== Dataset records ==

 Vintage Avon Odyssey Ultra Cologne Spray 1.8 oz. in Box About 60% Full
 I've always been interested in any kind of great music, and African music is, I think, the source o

===
== Dataset records ==

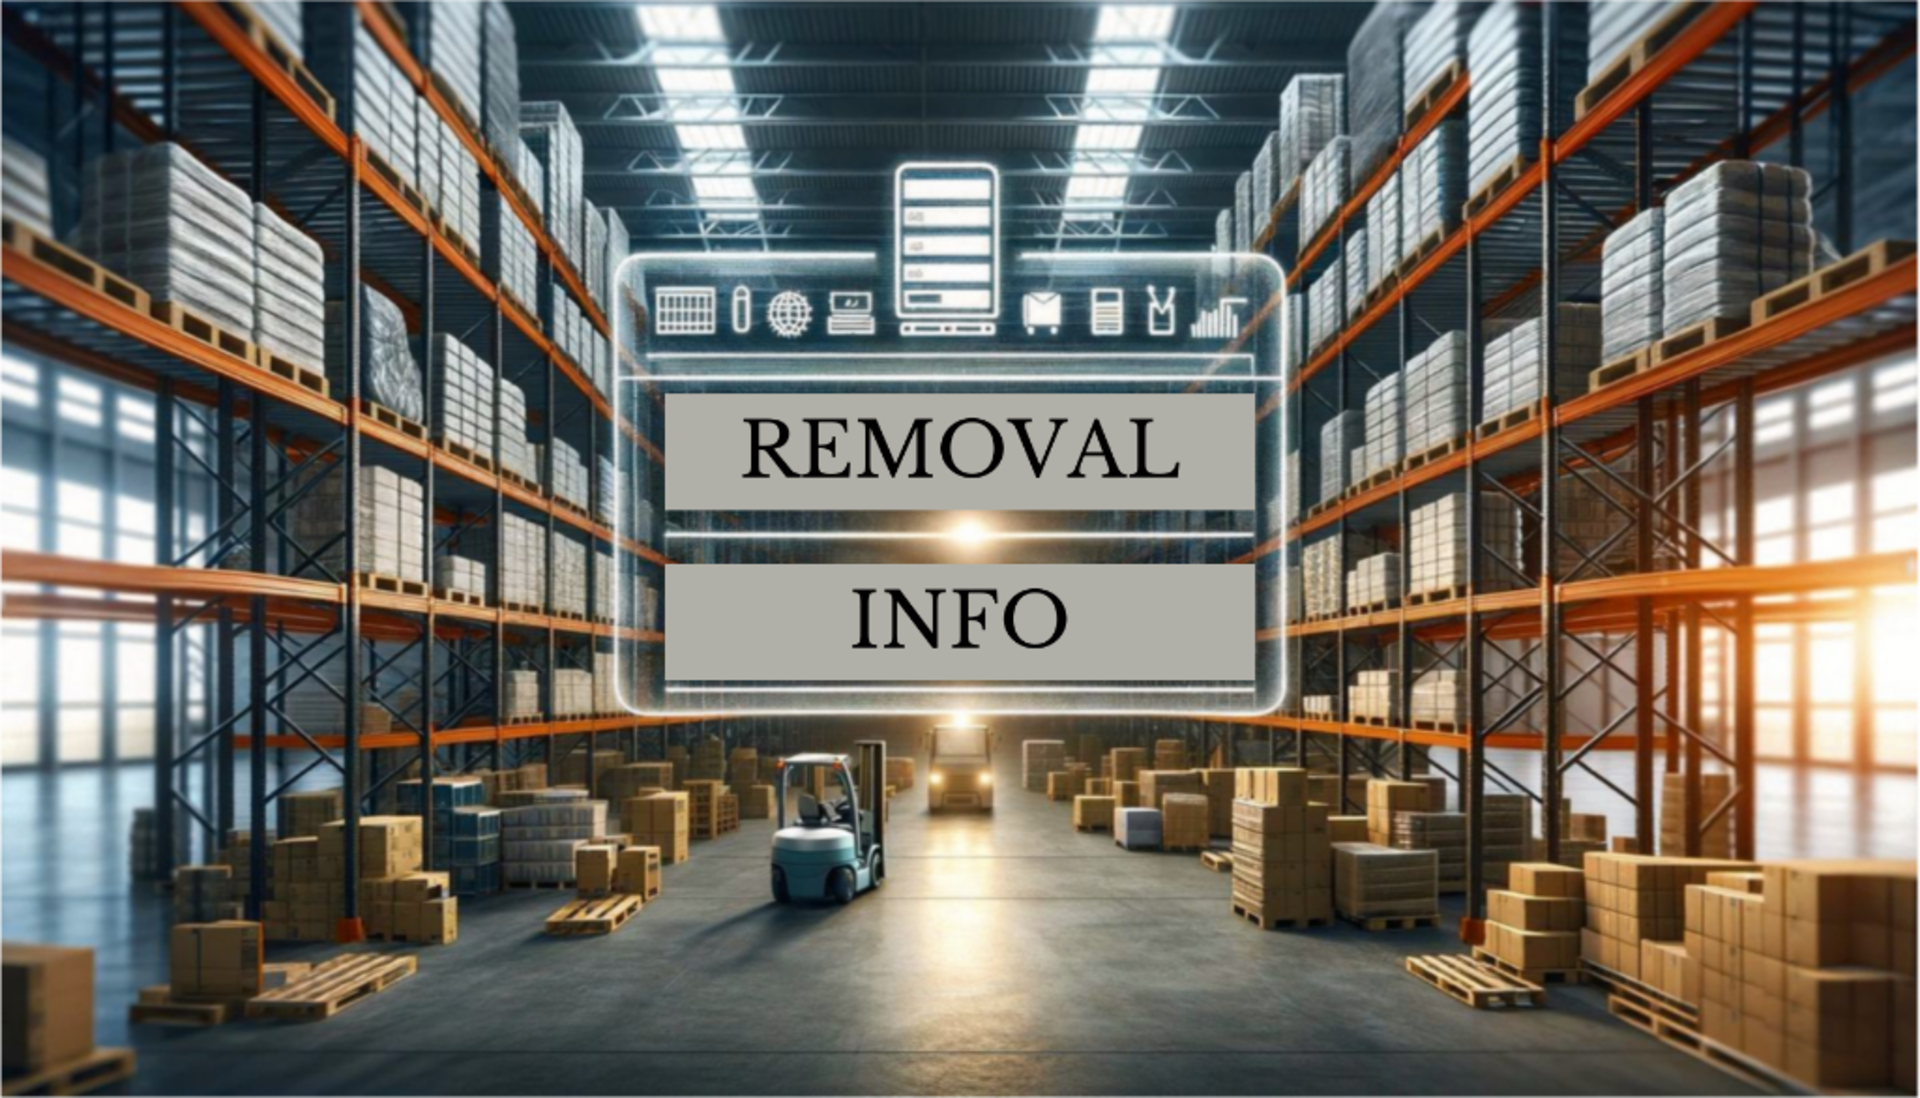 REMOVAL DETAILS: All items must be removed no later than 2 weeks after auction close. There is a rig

===
== Dataset records ==

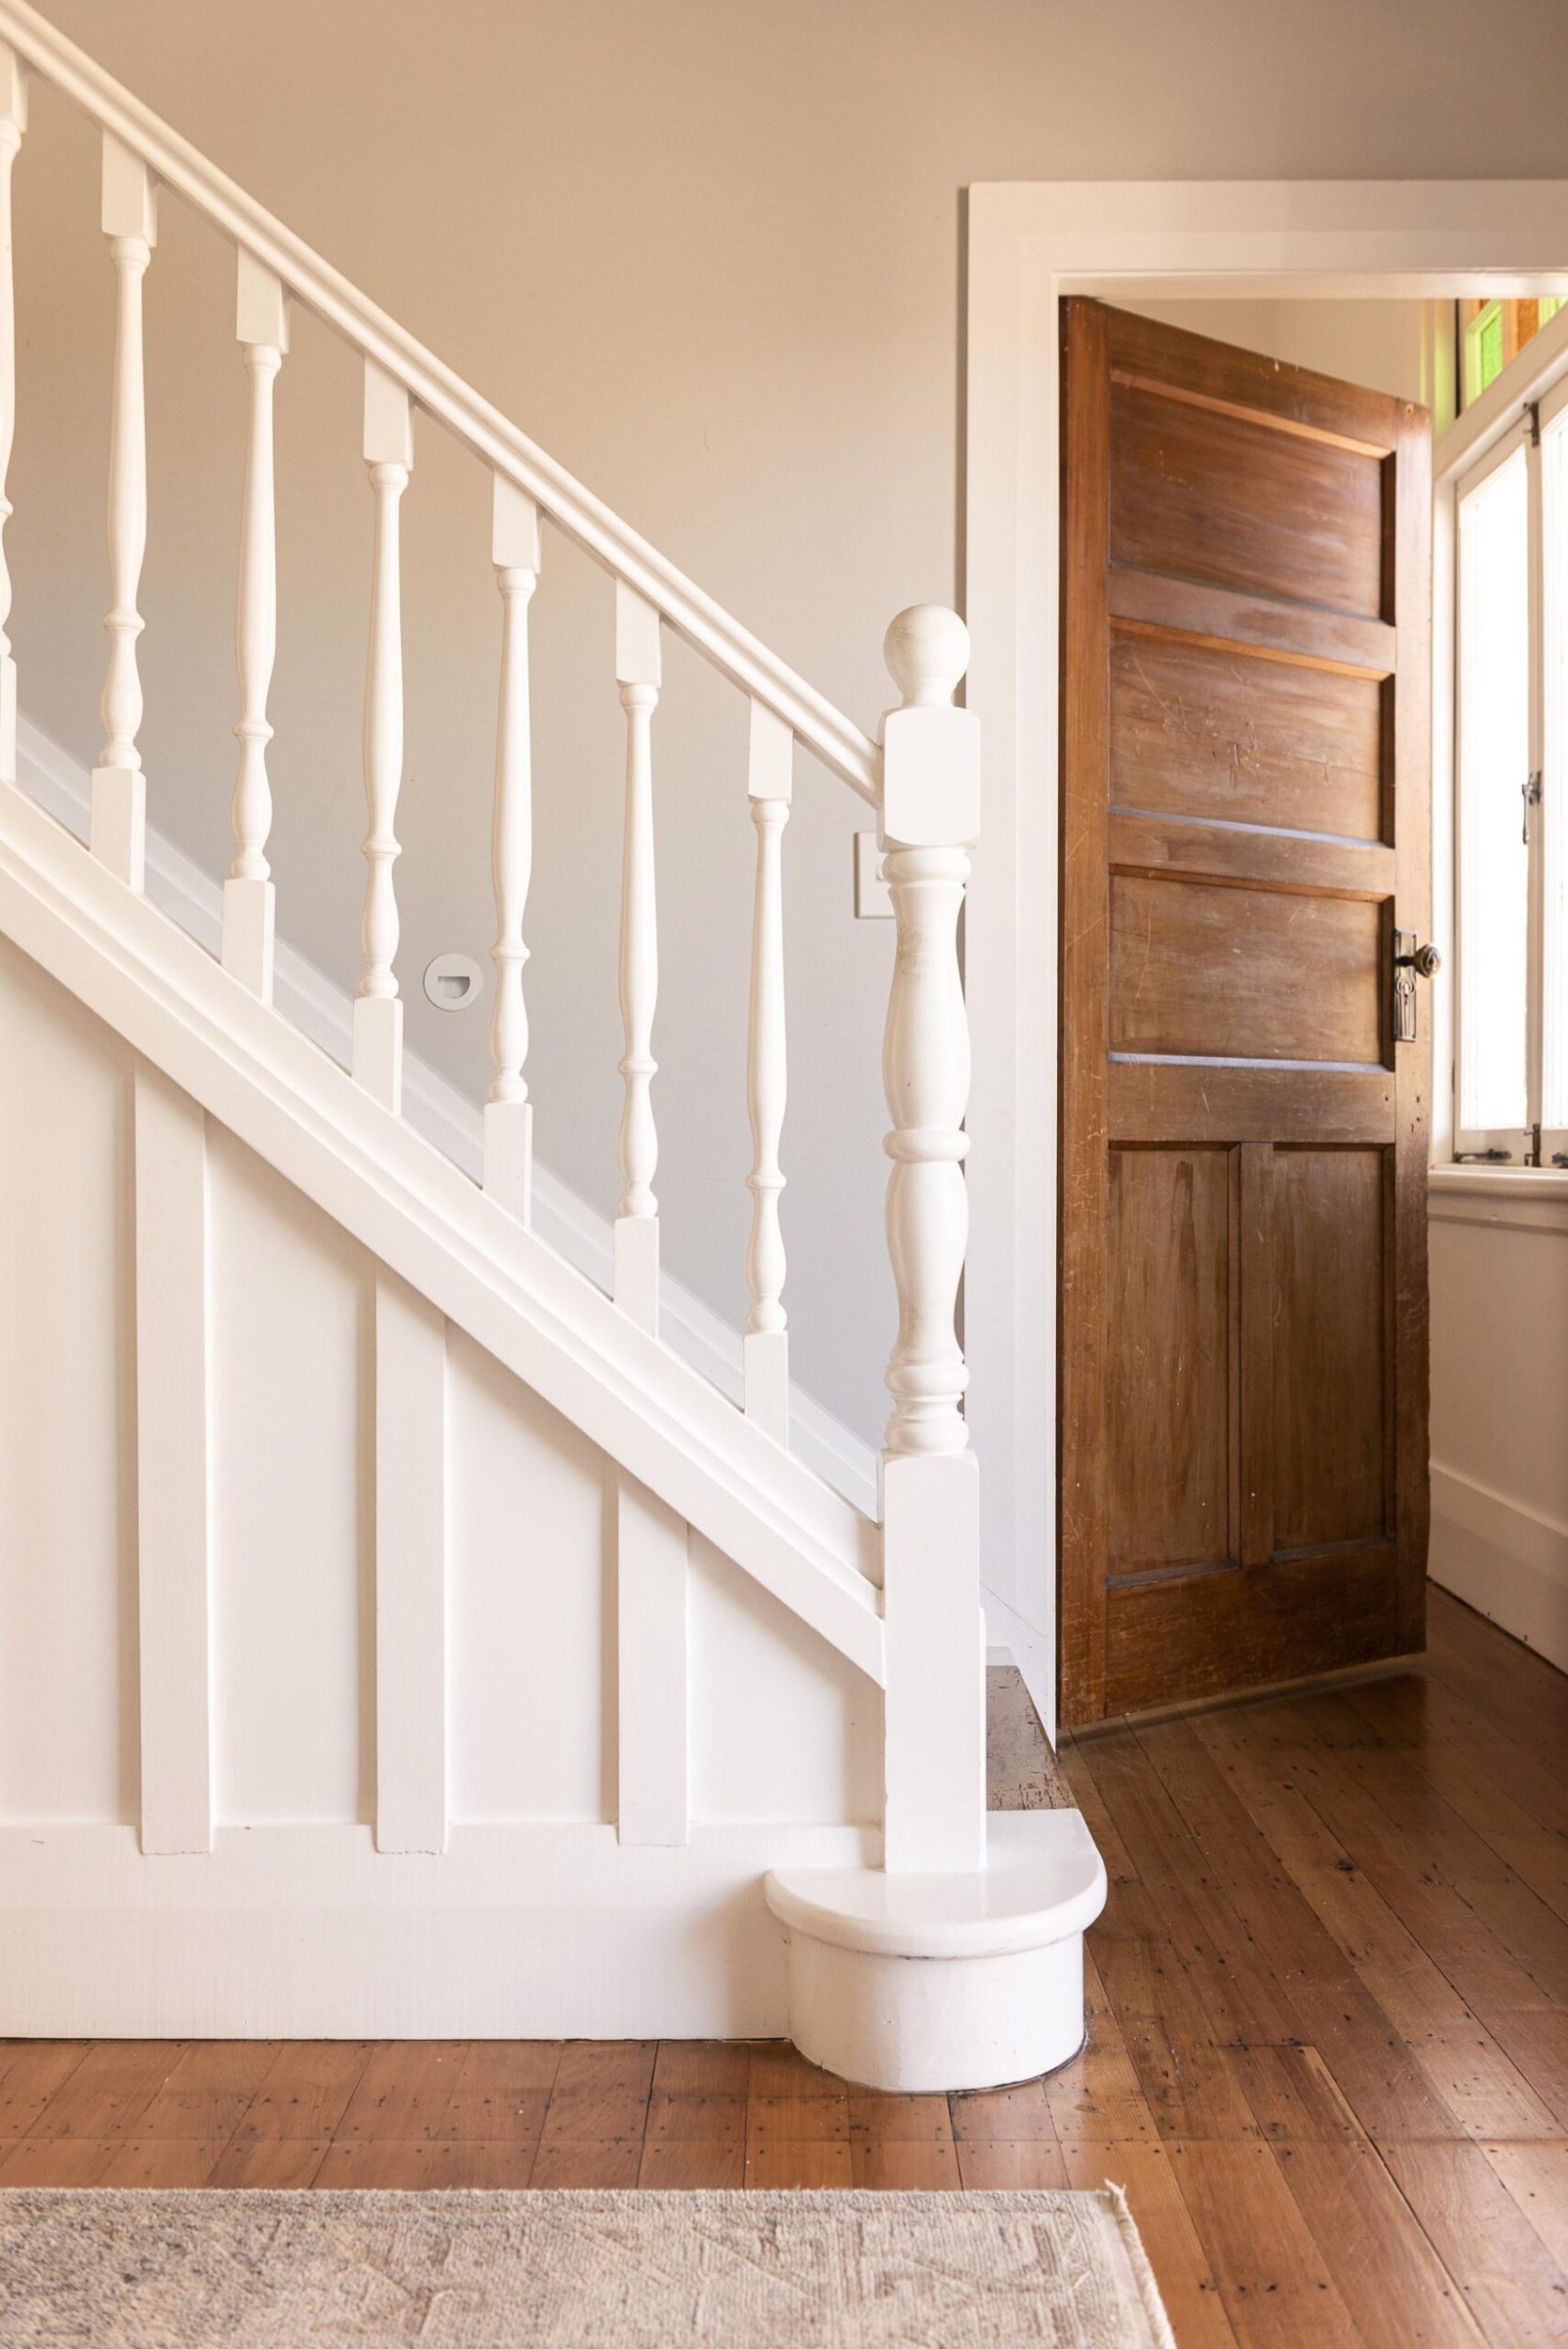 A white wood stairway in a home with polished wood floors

===

▸ Aim of the exercise: Repeat exactly the lines of the listing above, from the one with "Vintage Avon Odyssey" down to the one with "I've always been"; both of those lines belong in the range.

▸ Your response:
 Vintage Avon Odyssey Ultra Cologne Spray 1.8 oz. in Box About 60% Full
 I've always been interested in any kind of great music, and African music is, I think, the source o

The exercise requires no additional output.